## EXERCISE AIM
The stretch wanted below opens at the line containing "ชุดแก้วเยติ 30 ออนซ์ พื้นสีฟ้า ขอบเงิน" and closes at the line containing "Joly Prestige Blanc". Please return it exactly, with no other lines.
══ STUDY MATERIAL
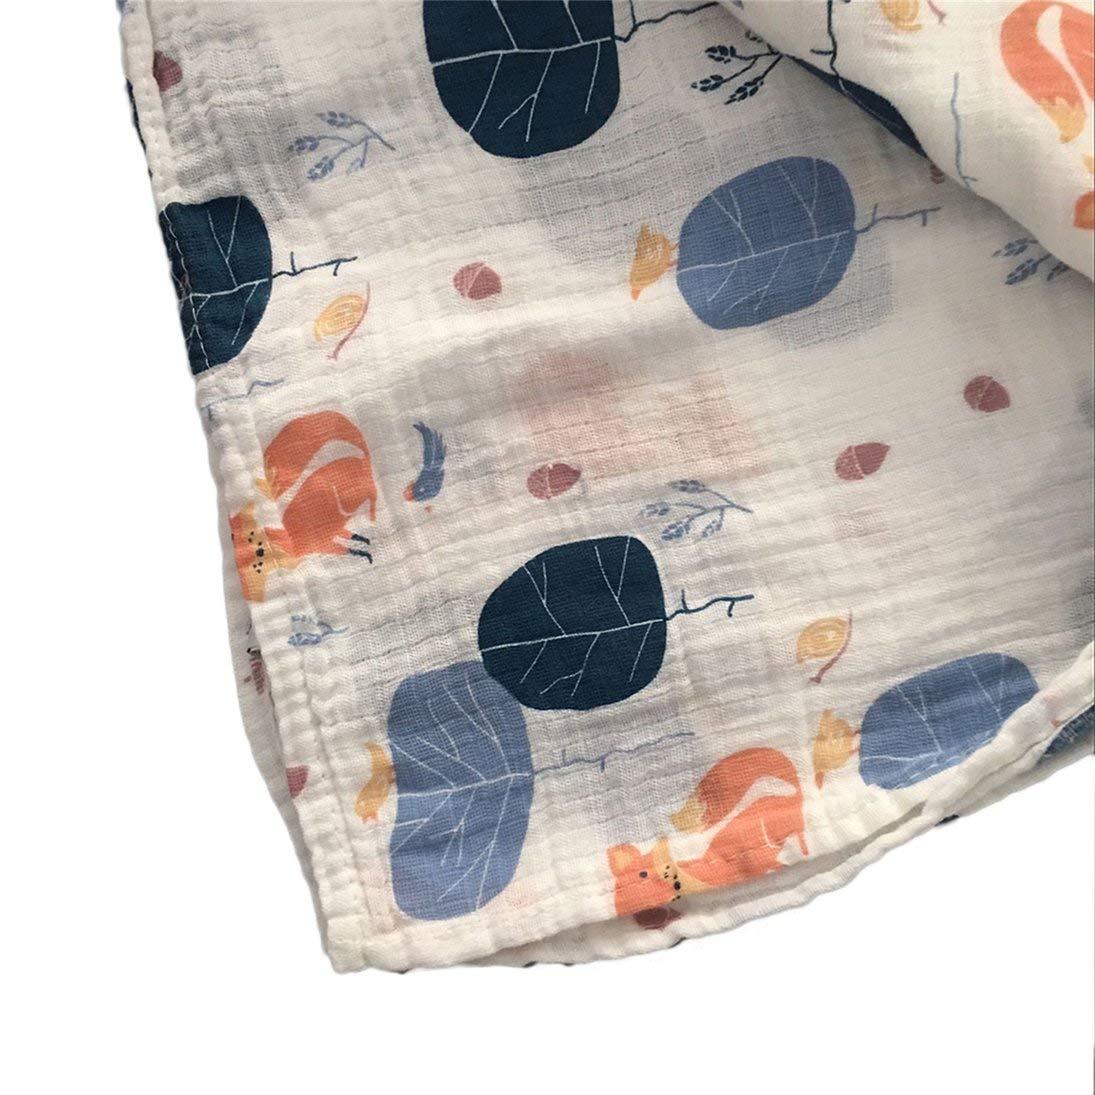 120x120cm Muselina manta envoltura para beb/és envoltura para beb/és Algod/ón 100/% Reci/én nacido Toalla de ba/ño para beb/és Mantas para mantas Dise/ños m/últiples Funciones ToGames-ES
════
══ STUDY MATERIAL
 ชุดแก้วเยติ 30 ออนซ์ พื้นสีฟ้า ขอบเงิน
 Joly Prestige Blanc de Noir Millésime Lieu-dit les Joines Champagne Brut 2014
════
## YOUR RESPONSE
 ชุดแก้วเยติ 30 ออนซ์ พื้นสีฟ้า ขอบเงิน
 Joly Prestige Blanc de Noir Millésime Lieu-dit les Joines Champagne Brut 2014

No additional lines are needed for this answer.